(DATA SHOWN begins)
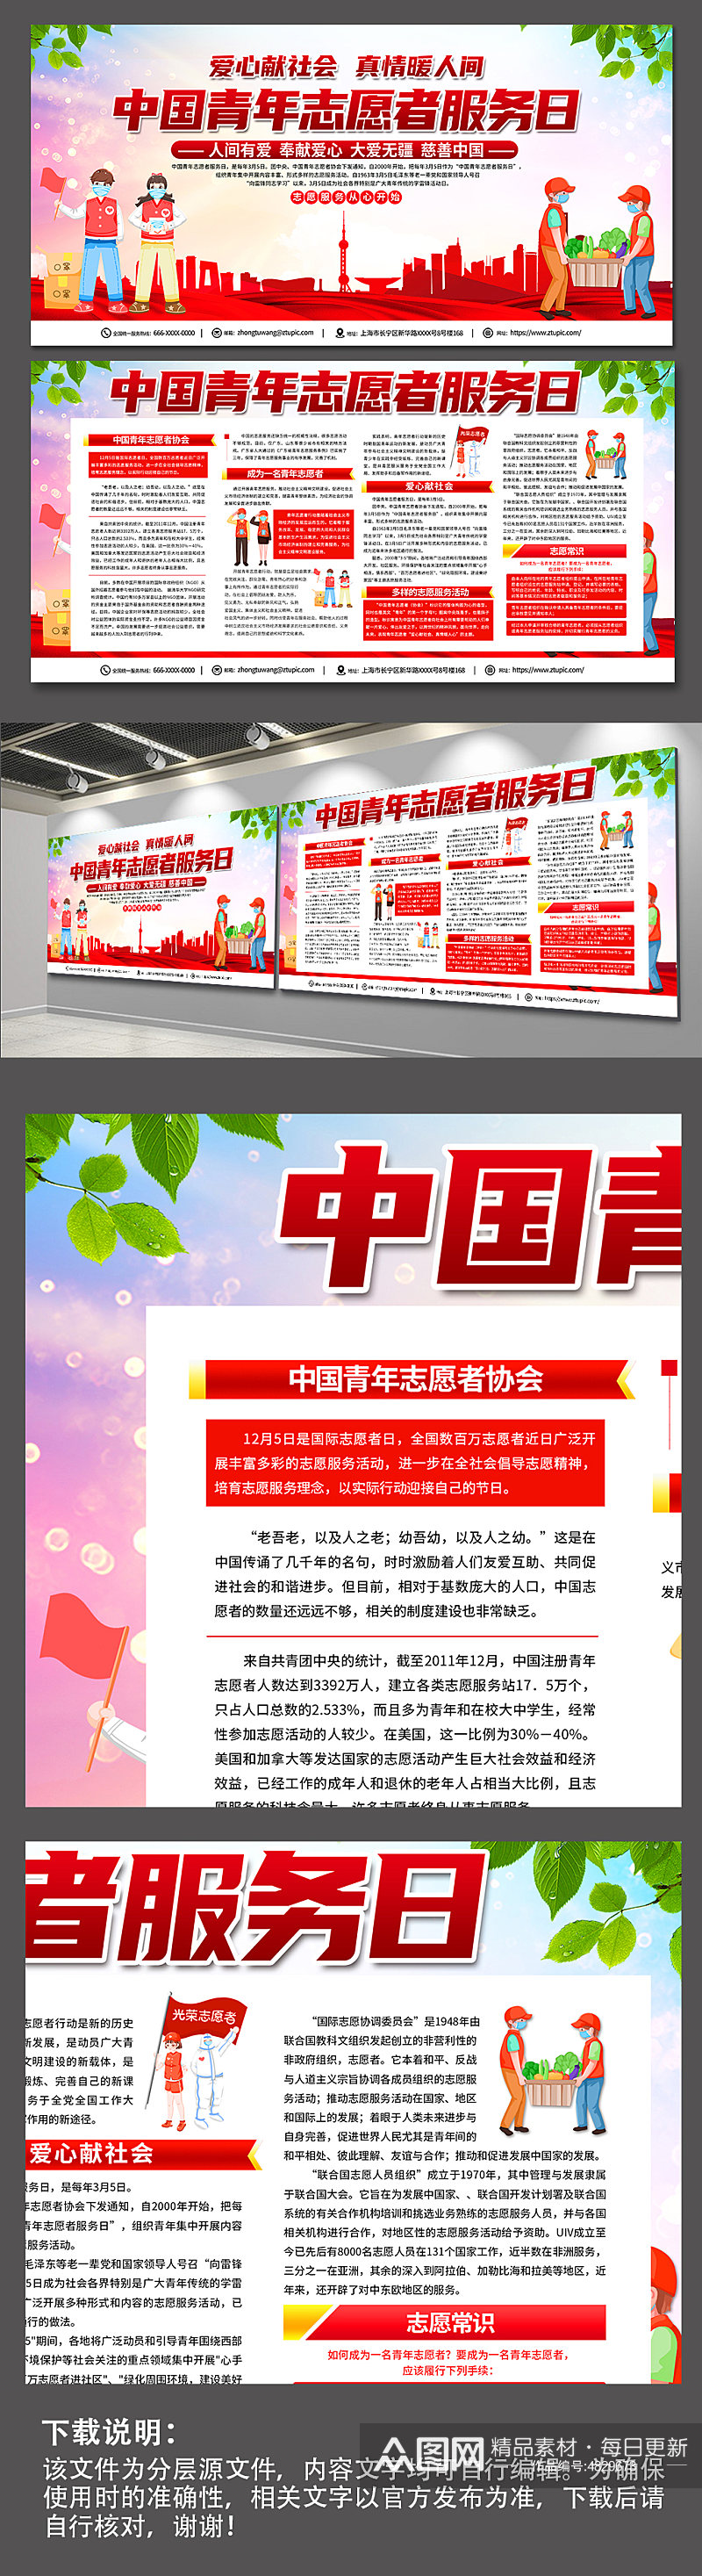 红色喜庆中国志愿者服务日内容宣传展板素材
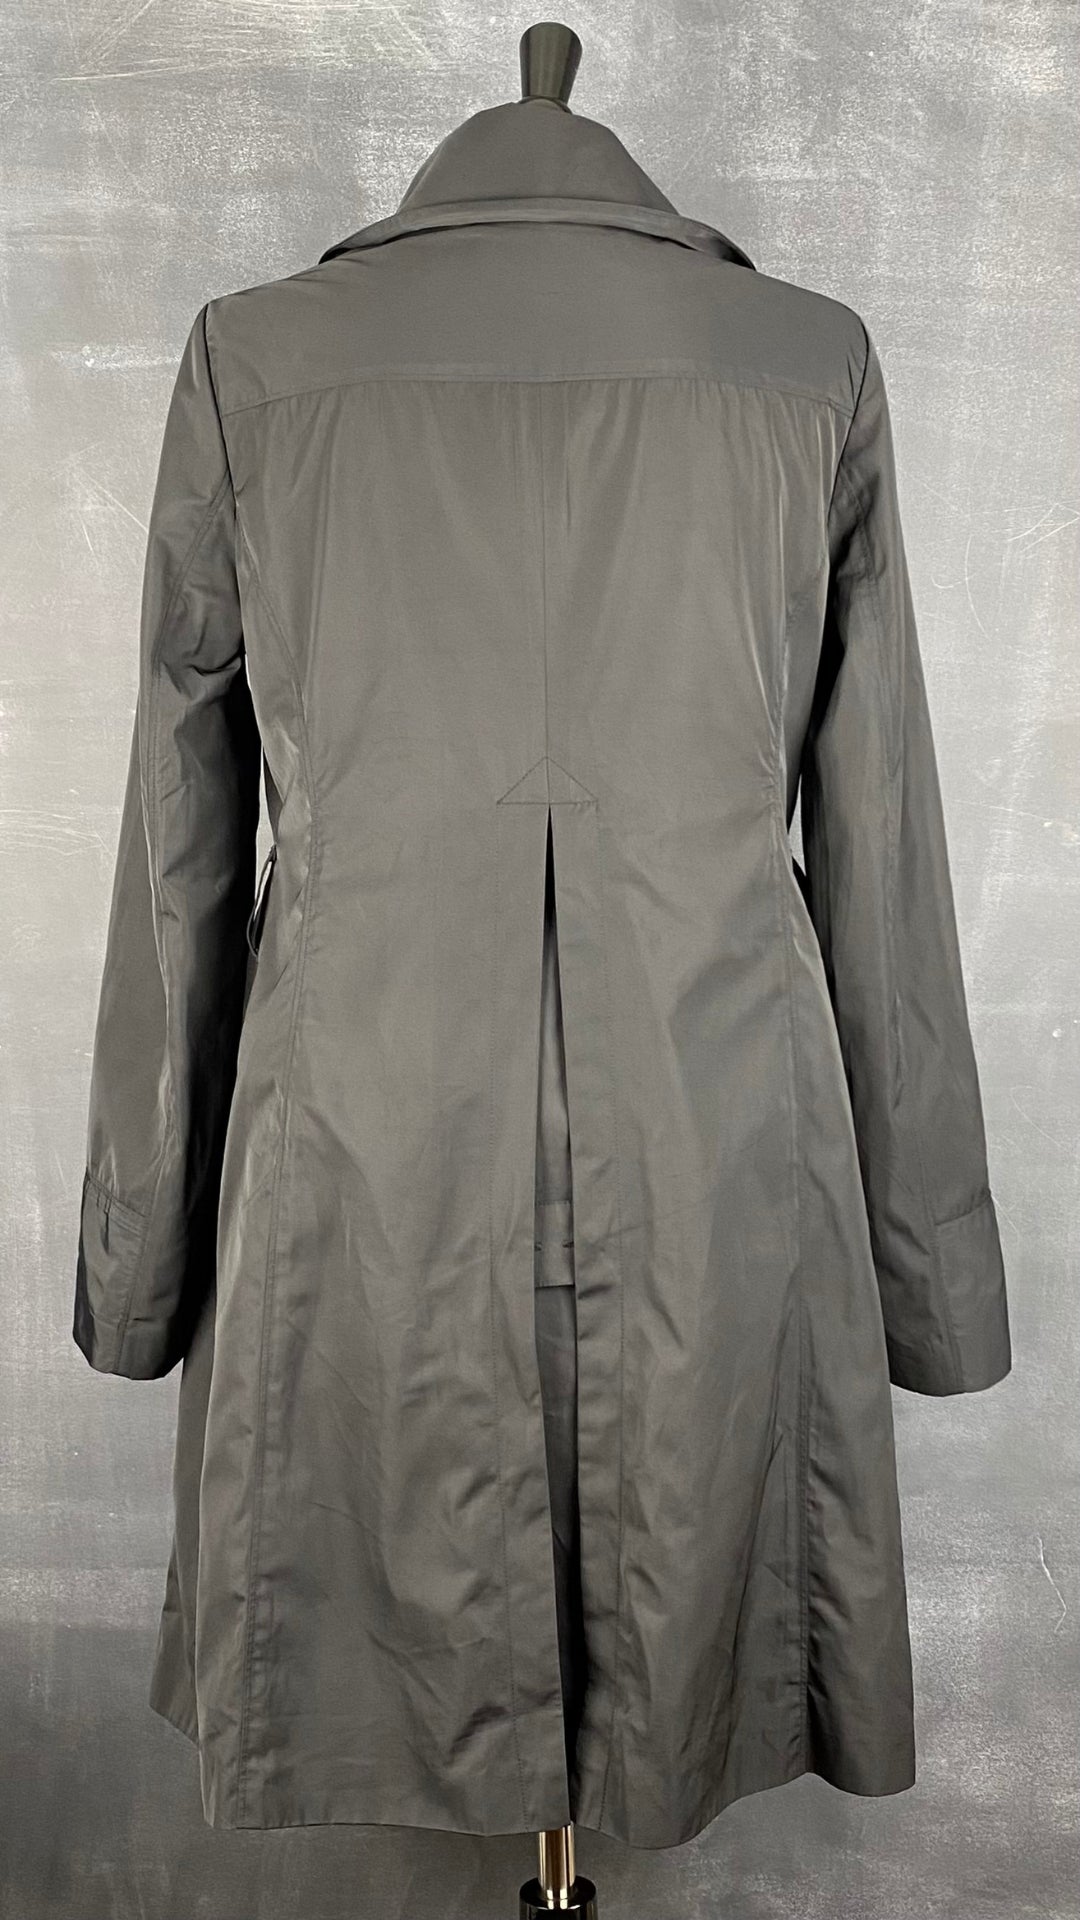 Manteau noir printanier Tristan, taille s/m. Vue de dos.
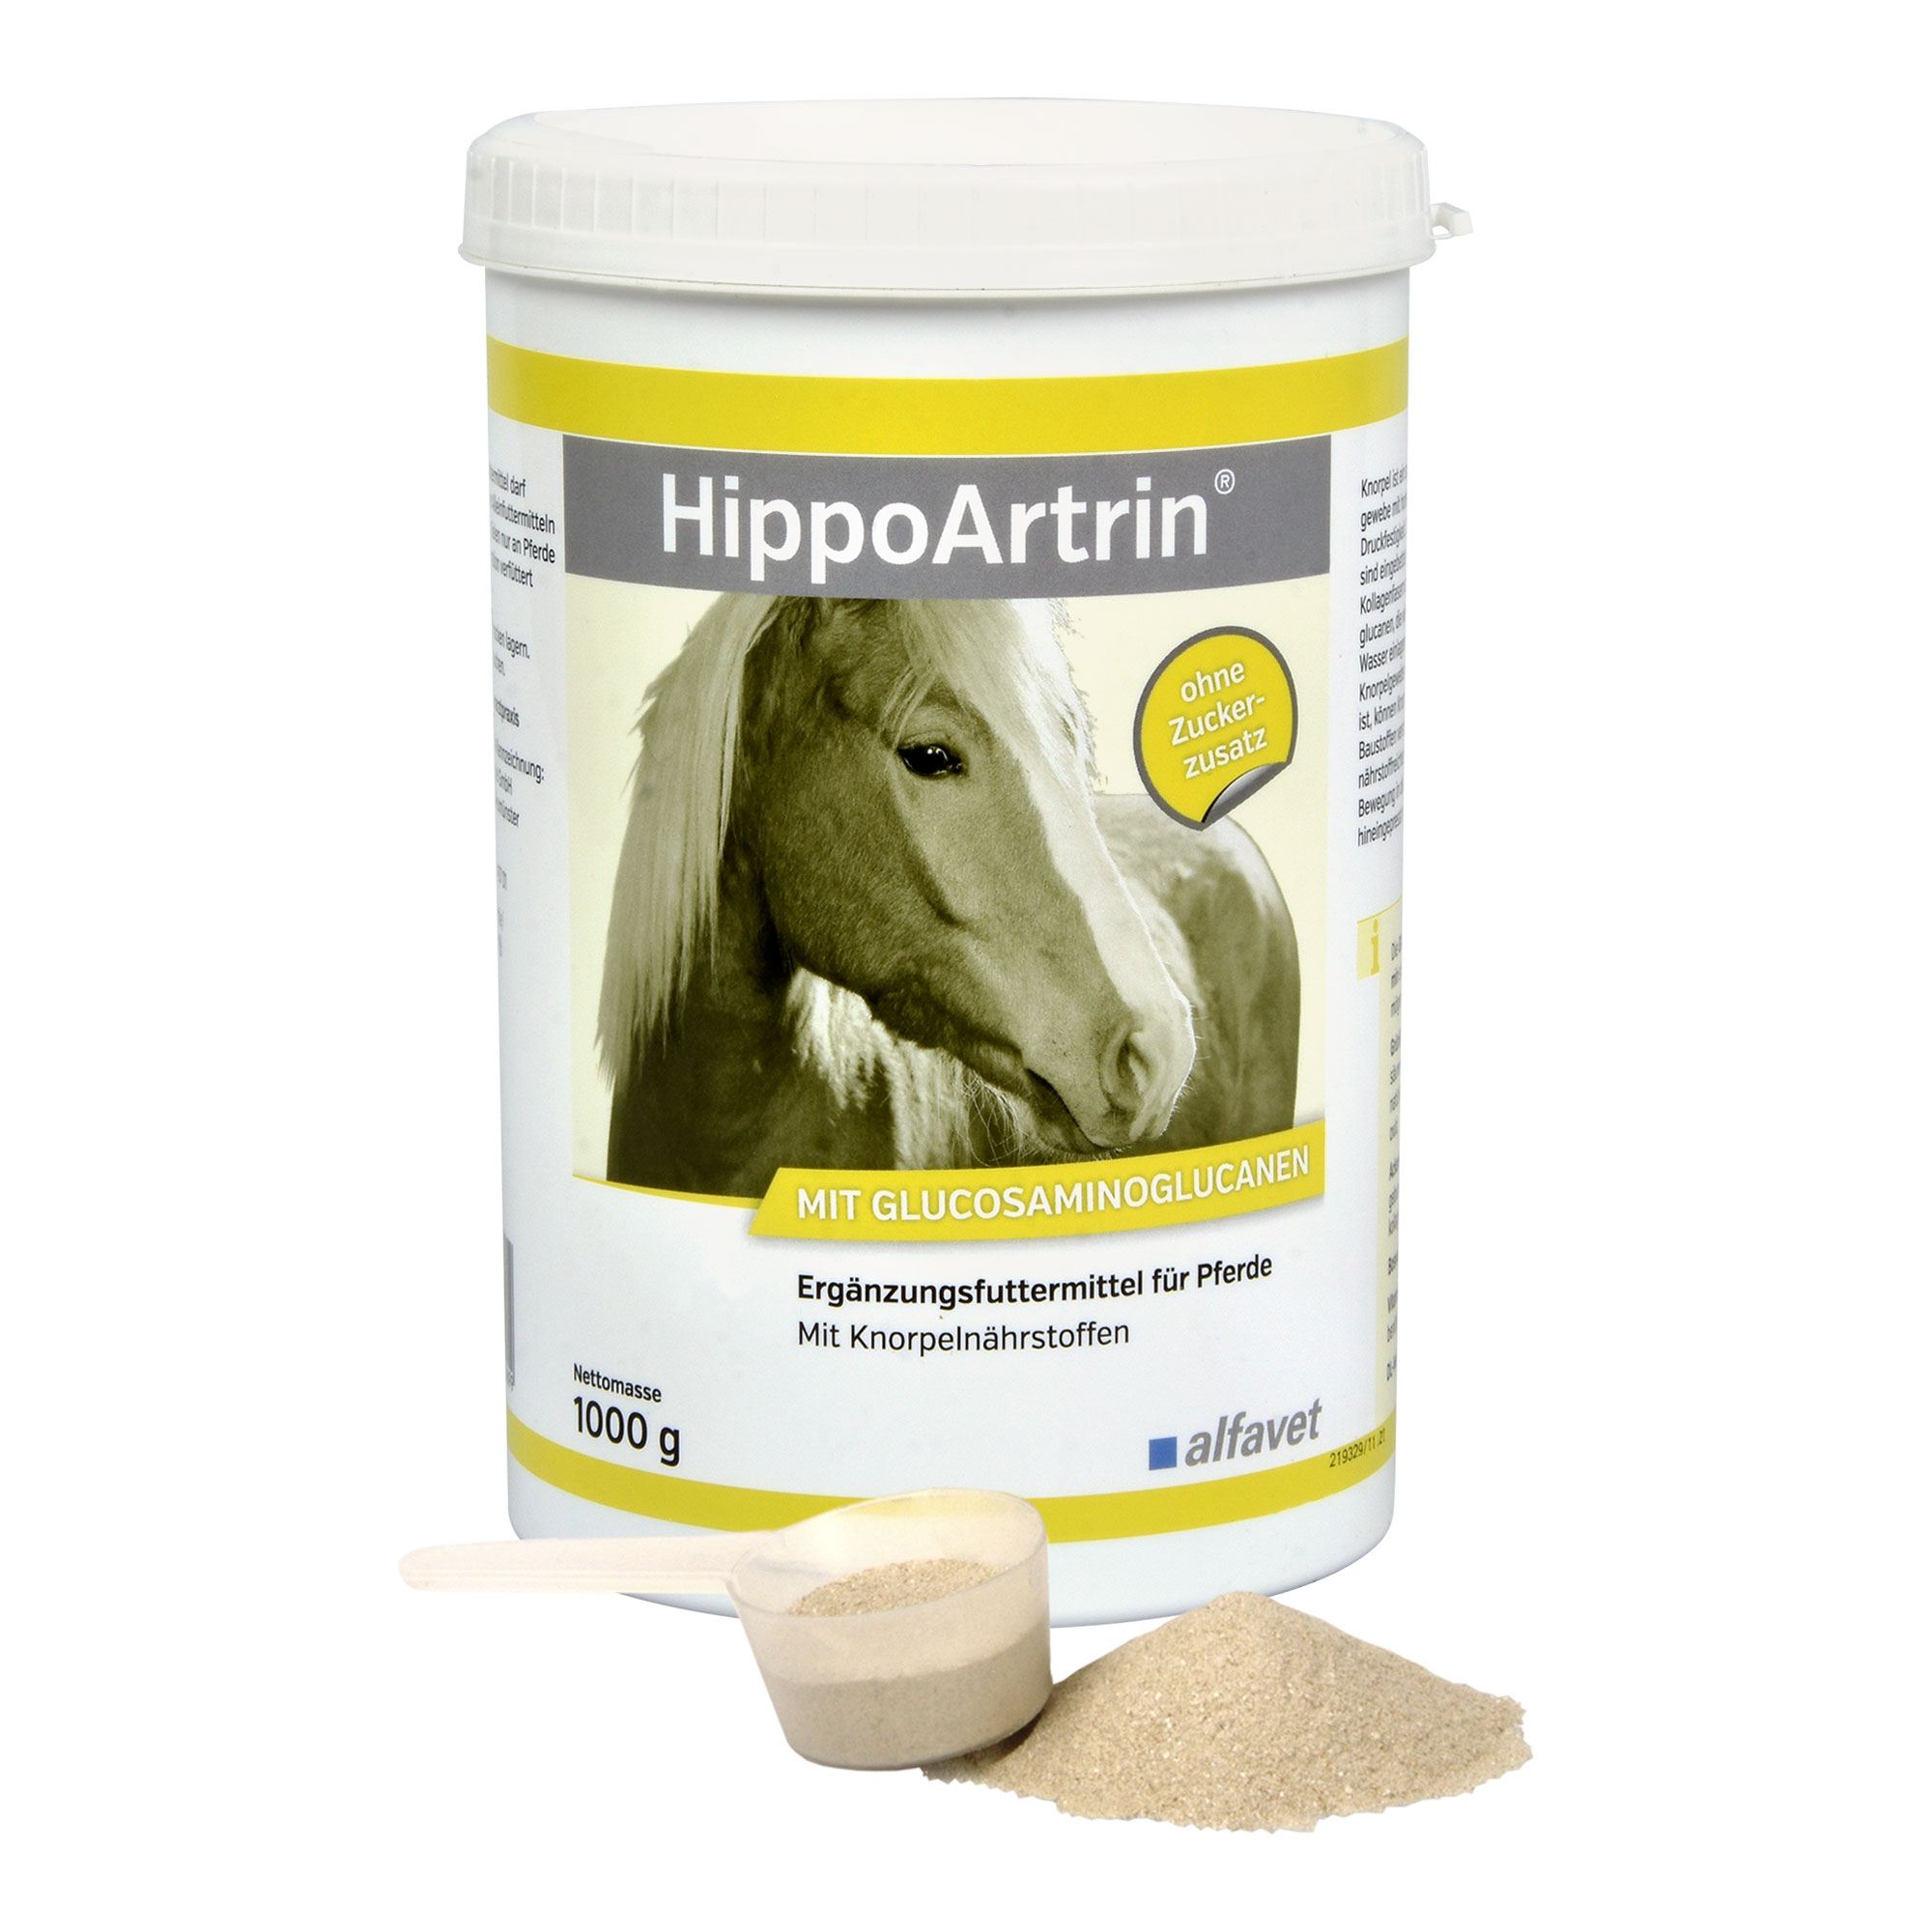 Ergänzungsfuttermittel für Pferde. Mit Knorpelnährstoffen.
(DATA SHOWN ends)
EXERCISE AIM
Retype the data in full. Images do not go in the copy.

RESPONSE TO THIS EXERCISE
 红色喜庆中国志愿者服务日内容宣传展板素材
 Manteau noir printanier Tristan, taille s/m. Vue de dos.
 Ergänzungsfuttermittel für Pferde. Mit Knorpelnährstoffen.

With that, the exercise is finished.